George Osborne has been warned his austerity drive will hurt the economy and that he must be prepared to lose billions of pounds selling off Royal Bank of Scotland (RBS).

The International Monetary Fund (IMF) also expressed concern the Chancellors's flagship plans to boost house ownership would trigger another housing bubble.

Alongside a stern warning on cuts the IMF's annual economic health check told ministers to bring forward spending on infrastructure,

Labour said only a "reckless Chancellor" would "try to plough on regardless" with more cuts.

But Mr Osborne said the Treasury was already pushing ahead with many of the IMF's recommendations.

The IMF's report warned the Coalition's action to tackle rising public debt was a "drag on growth" and a wider strategy was needed.

On Help to Buy, the Government's flagship Budget measure aimed at boosting home ownership, it warned there was a risk it would ultimately lead to higher house prices.

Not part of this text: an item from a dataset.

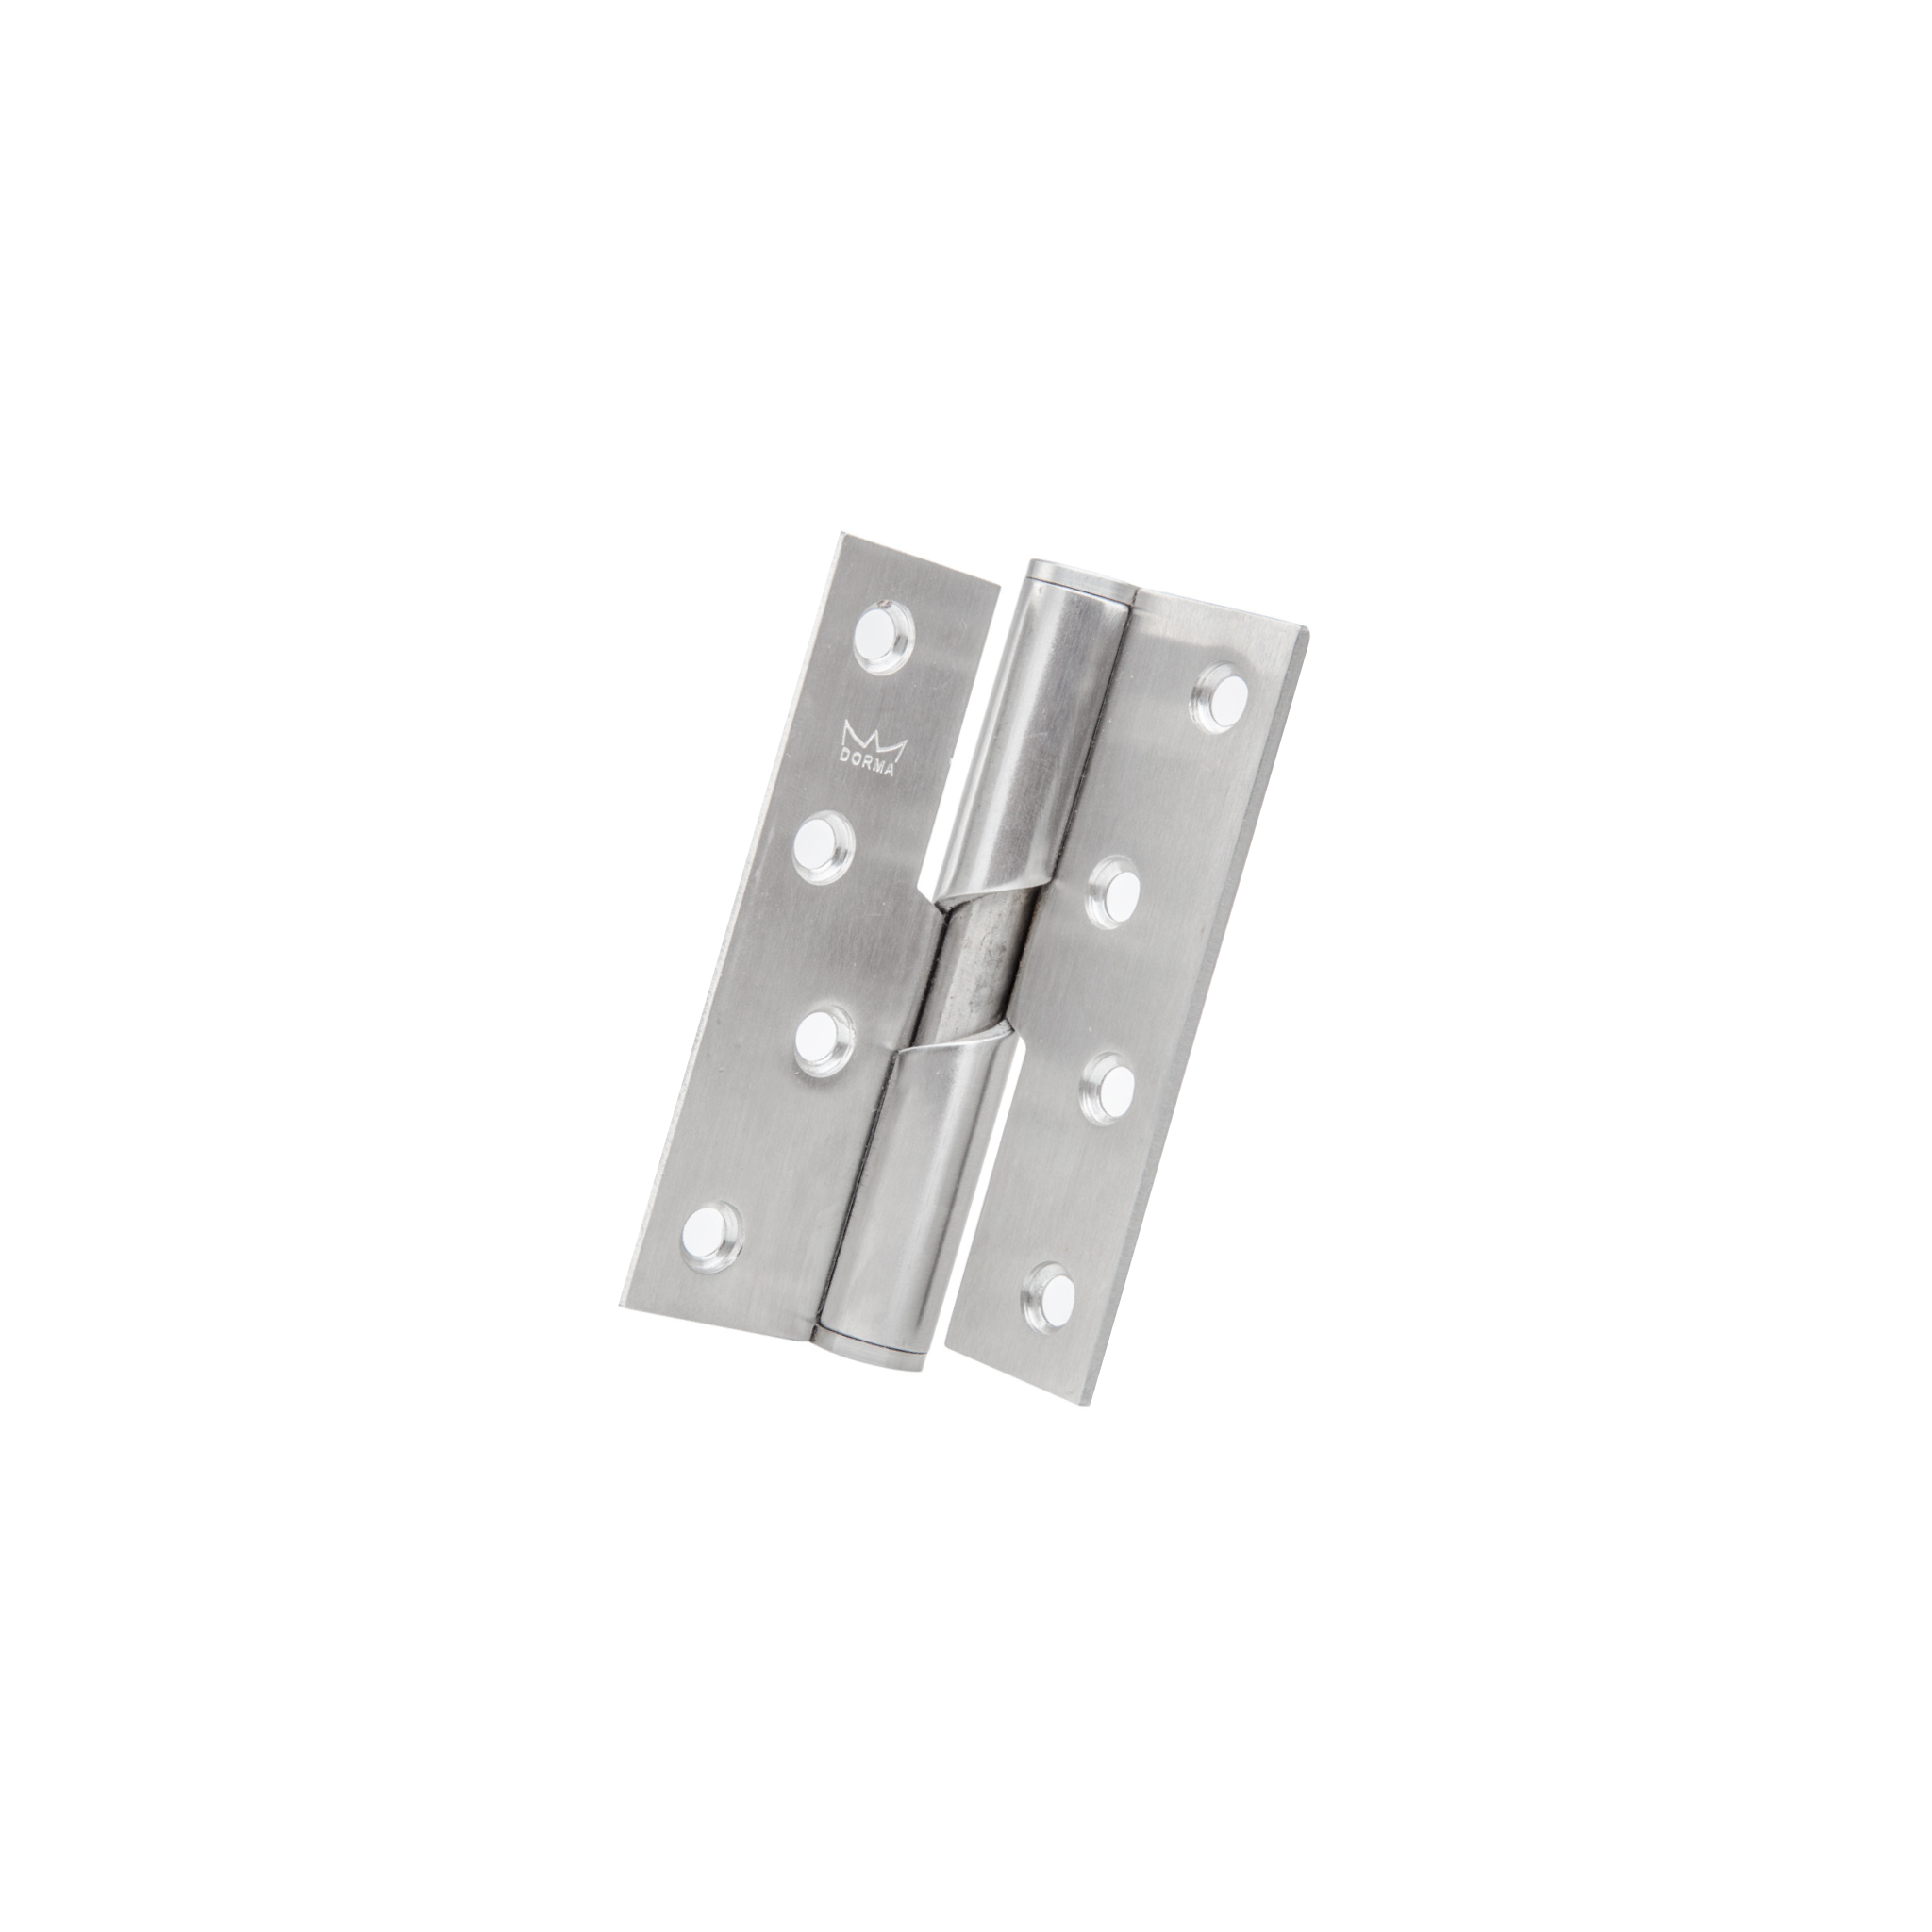 DRL-SS-013 (L), Rising Butt Hinge, Left Hand, 2 x Hinges (1 Pair), Max Door Weight: 50kg, 102mm (h) x 75mm (w) x 3mm (t), Stainless Steel, DORMAKABA

Speaking at the launch of the annual report, the IMF's deputy managing director, David Lipton, said RBS and Lloyds had to be sold off "in a shape to resume lending activity".

However, he said the Government should be prepared to take a haircut on its £46 billion investment in RBS at the height of the 2008 financial crisis.

The Chancellor said he agreed with the IMF that "now is the time for a clear strategy on how to return RBS and Lloyds to the private sector in a way that protects value for the taxpayer".

Labour Shadow Chancellor Ed Balls said: "They [the IMF] say, as we have, that you need to strike a balance between the pace of fiscal consolidation and support for growth and jobs."

Scottish Finance Secretary John Swinney said: "The Chancellor must change the UK's approach to the economy and deliver greater capital investment to stimulate growth and support construction.

"We must not allow Scottish economic recovery to be blown of course by the misguided policies of his Government."